Source: https://atlanticlegal.org/2014/05/01/foundation-files-brief-in-united-states-supreme-court-in-important-first-amendment-case/
Timestamp: 2019-04-26 07:52:20+00:00

Document:
On April 18, 2014, Atlantic Legal filed a brief in Minority Television Project Inc. v. FCC, which involves an important First Amendment question relating to outdated restrictions on political speech in broadcast media.
The Ninth Circuit issued an en banc ruling that greatly limits the rights of public TV and radio broadcasters nationwide, relying on a 45-year old ruling in Red Lion Broadcasting v. FCC (1969).
The Ninth Circuit upheld a federal law prohibiting corporate and campaign advertising on public radio and television and ruled that the government has a substantial interest in imposing advertising restrictions to preserve the essence of public broadcast programming and that Congress recognized that advertising would change the character of public broadcast programming and undermine the intended distinction between commercial and noncommercial broadcasting.
Minority Television Project Inc., a California nonprofit group operates the public television station KMTP in Palo Alto, California, many of whose broadcasts and announcements are in Asian languages, sued the Federal Communications Commission after it was fined $10,000 by the FCC for allegedly broadcasting ads.
Federal law bans broadcasters from airing paid ads for political candidates, issue advocacy and corporations on public radio and TV. The law allows programming suppliers such as National Public Radio to broadcast messages by corporate sponsors, however. The station claimed the ban on ads violates its right to free speech.
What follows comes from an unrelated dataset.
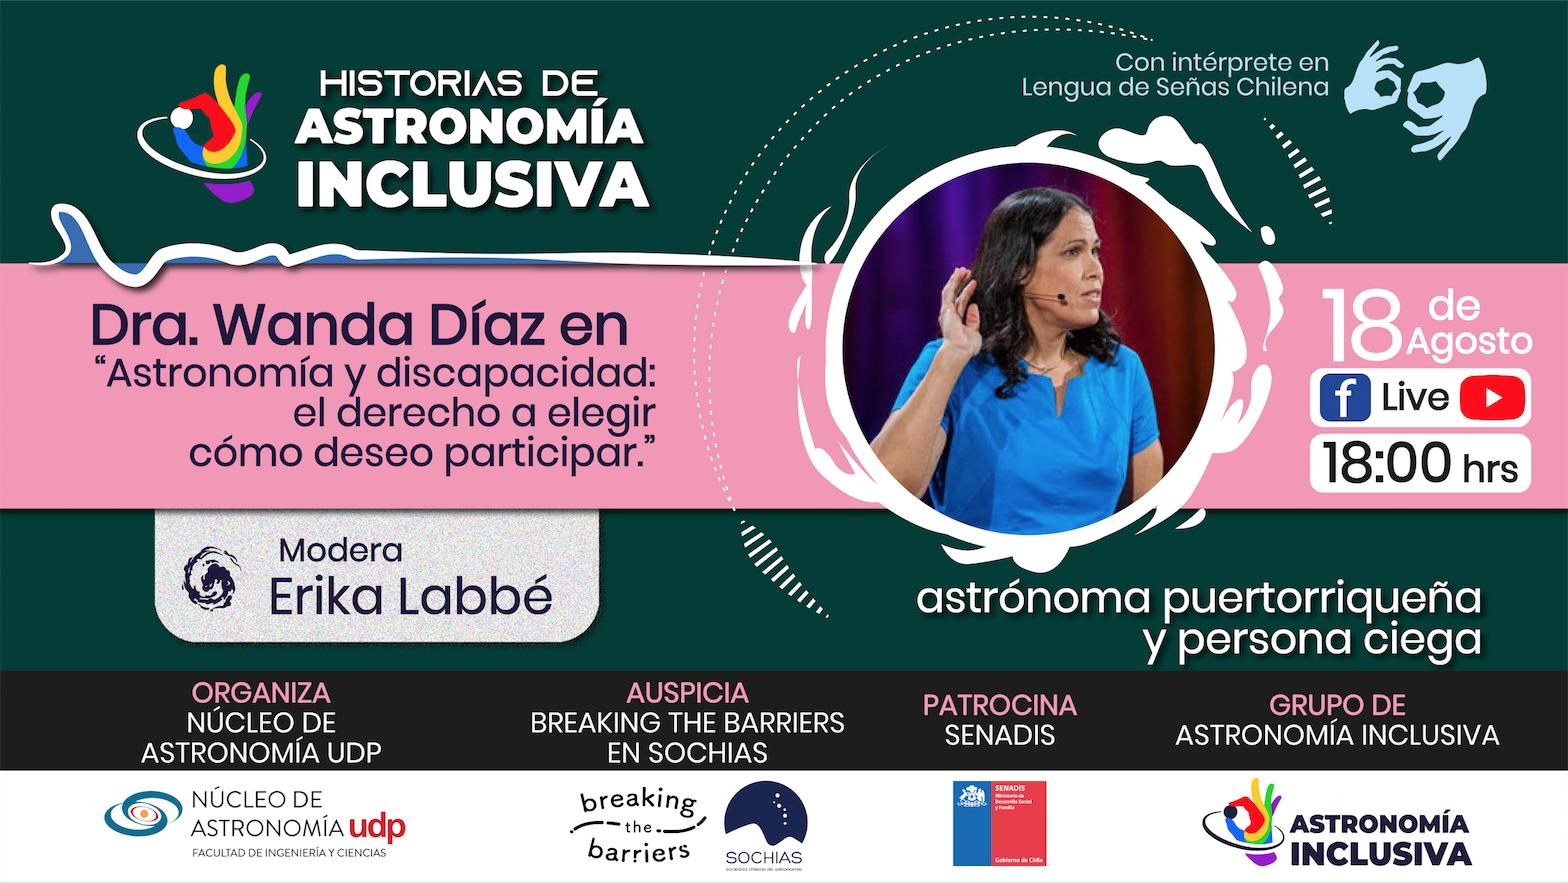 Serie online «Historias de Astronomía Inclusiva»

The Ninth Circuit en banc majority rejected arguments that broadcast speech should receive the same deference that the U.S. Supreme Court gave to speech related to elections in its 2010 Citizens United ruling that allowed corporations and unions to spend unlimited sums on political campaigns. Citizens United was not about broadcast regulation; it was about the validity of a statute banning political speech by corporations.
TV and radio broadcasters are subject to greater regulation than any other form of media or speech. The outdated Red Lion Broadcasting v. FCC, 395 U.S. 367 (1969) decision requires courts to apply a lax standard when scrutinizing restrictions on broadcasting. The Supreme Courts rationale in Red Lion was that the broadcast spectrum, then the primary means of long-range communication, was a scarce resource.
Even if that justification was valid 45 years ago, it is obsolete today given the explosion in new media such as cable and satellite TV and the internet. Over the years, however, the FCC has used this lower standard to justify wide-ranging restrictions on the free speech of broadcasters from obscenity rules to rules governing even the ownership of broadcast stations that never would pass muster if applied to other speech. The Ninth Circuit not only upheld this justification in general, but used it to rationalize relaxed scrutiny applicable to political speech in particular, despite the Supreme Courts recent command in Citizens United v. FEC, 558 U.S. 310 (2010).
The thrust of our brief, filed with Southeastern Legal Foundation and several other non-profits, primarily addressed the issue whether, in light of the Courts decision in Citizens United v. FEC, 558 U.S. 310 (2010), courts should apply strict scrutiny to bans on paid political messages that are broadcast, rather than rational basis review, or intermediate scrutiny, as in FCC v. League of Women Voters, 468 U.S. 363 (1984).